Detailed Script Execution Flow

  1. Stage 1: Inference
    • If vllm mode is selected, the script starts the target model's API Server in the background.
    • Runs eval.py --mode inference to perform data inference.
    • Key Step: After inference is complete, the script automatically kills the target model's vLLM process to fully release GPU memory.
  2. Stage 2: Scorer Setup
    • Starts the Scoring Model's (Scorer) vLLM service in the background.
  3. Stage 3: Evaluation (Scoring)
    • Runs eval.py --mode scoring to send the generated results to the scoring model for evaluation.
  4. Cleanup
    • Upon task completion, automatically shuts down the scoring model service.

πŸ“Š Output Results

Evaluation results will be generated as JSON files, saved by default in the ./eval_results/ directory.

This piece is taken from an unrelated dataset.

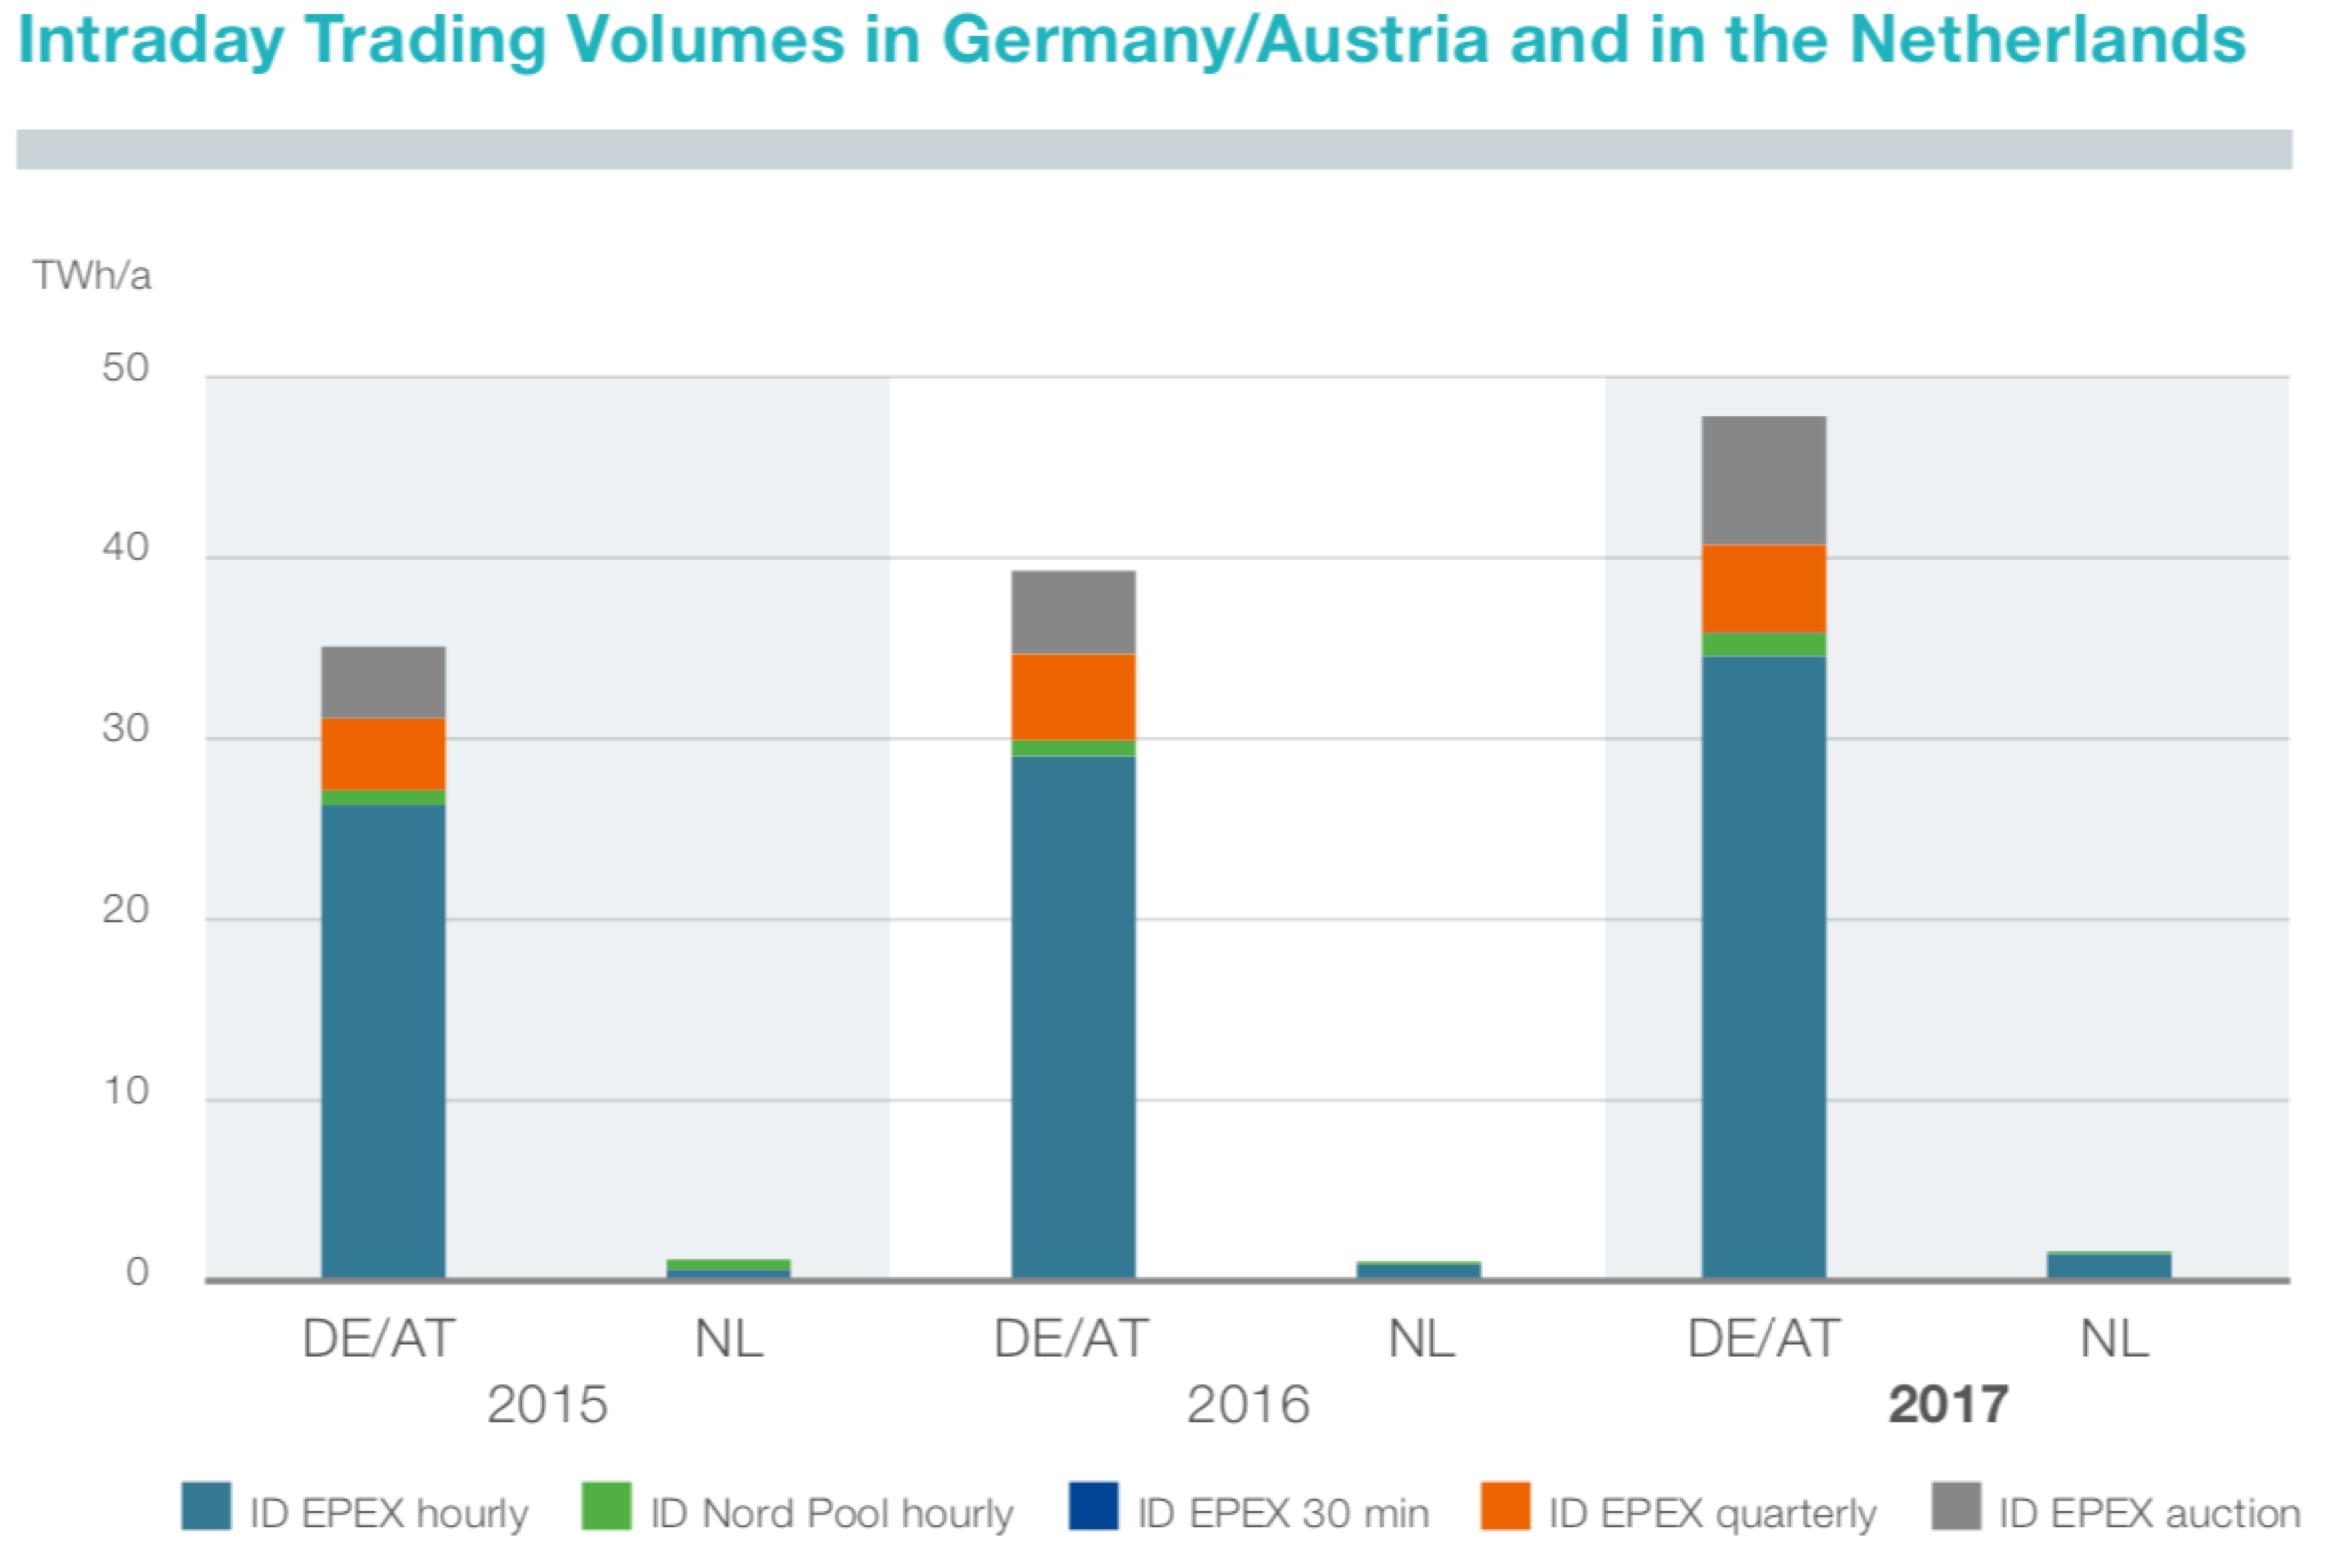 Abbildung 3: Intraday-Handelsvolumen in Deutschland/Österreich und in den Niederlanden von 2015-2017 (TenneT 2018)
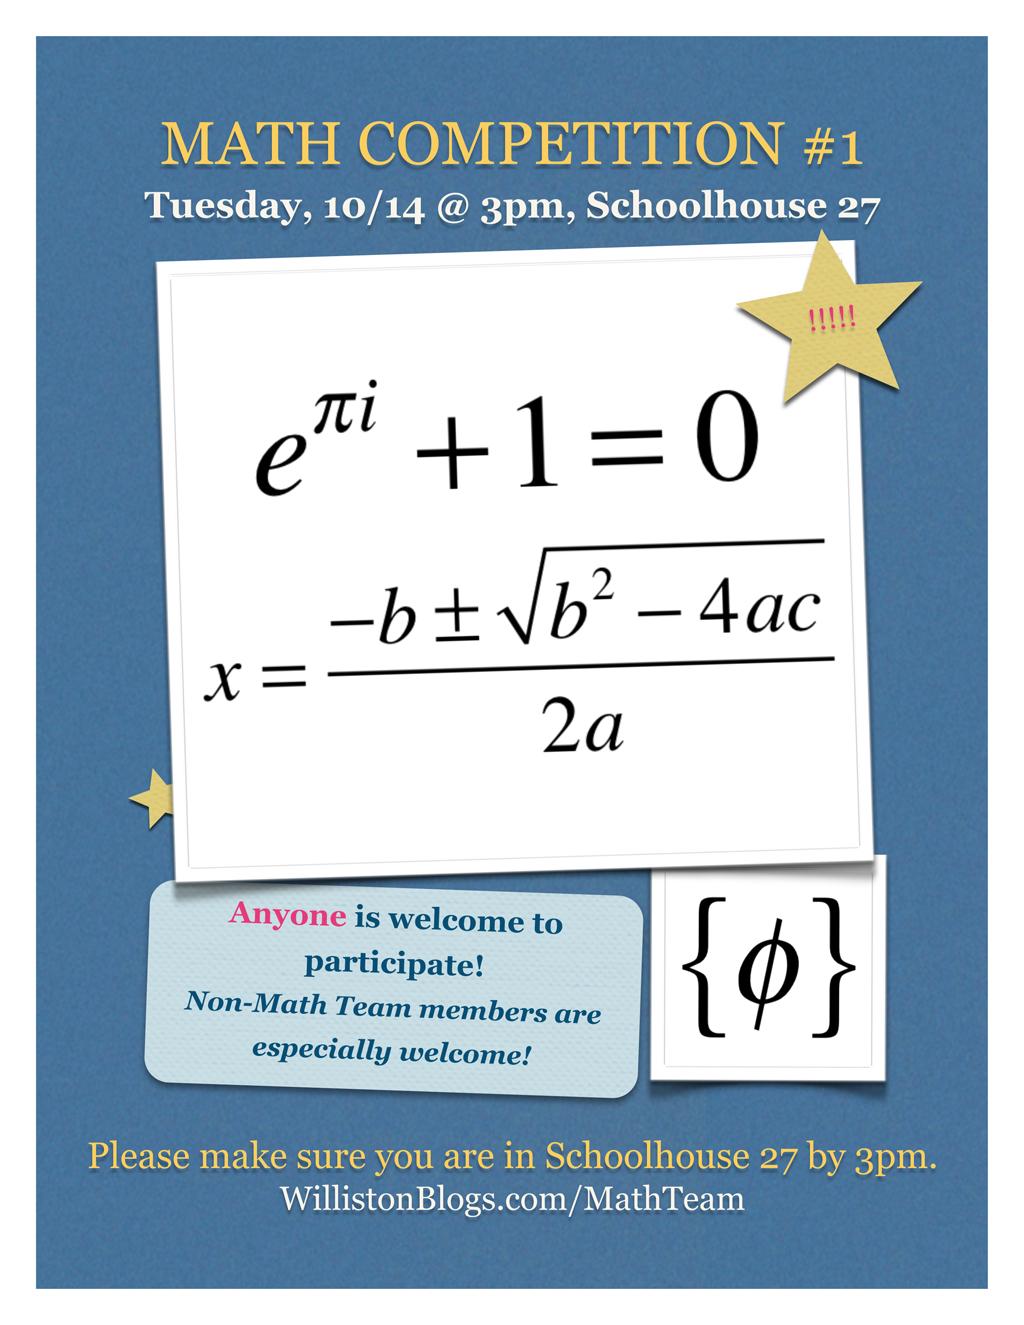 Math-Team-Poster-3

  • Filename Format: {MODEL_NAME}{EXP_MARKING}:{DATASET_NAME}.json

πŸ“‚ Minimalist Development Guide

.
β”œβ”€β”€ run_eval.sh         # [Main Program] Manages config parameters, service lifecycle, and flow control
β”œβ”€β”€ eval.py             # [Execution Script] Handles data loading, API interaction, and result storage
β”œβ”€β”€ utils/              # [Dependencies] General utility functions
β”œβ”€β”€ models/             # [Dependencies] Model registration and loading
└── benchmarks/         # [Dependencies] Dataset registration and loading

The project is mainly divided into benchmarks (evaluation sets) and evaluation models. You can register new datasets in benchmarks/ and new models in models/.

Adding New Datasets

  1. Create a new dataset .py file in benchmarks/, such as unobench.py. Inherit from the BaseDataset class and implement the abstract methods:
    • load_and_prepare: Download and load the dataset, organizing each item into the utils.EvaluationRecord format.
    • build_message: Construct the message sent to the model side (OpenAI Chat Message format).
    • build_score_message: Construct the message sent to the scoring model (OpenAI Chat Message format).
    • compute_score: Calculate the score for a single data item.
    • compute_metrics: Calculate metrics for the entire dataset.
  2. Register the dataset in __init__.py.

Adding New Models

  1. Create a new model .py file in models/, such as qwen_2d5_omni_7b.py. Inherit from the BaseModel class and implement the abstract methods:
    • load_model: Load the model.
    • generate: Call the model interface once to generate text.
    • generate_batch: Batch call the model interface to generate text.
  2. Register the model in __init__.py.

⚠️ Precautions

  • Path Check: Please ensure that the paths in the script have been modified to match the actual paths on your server.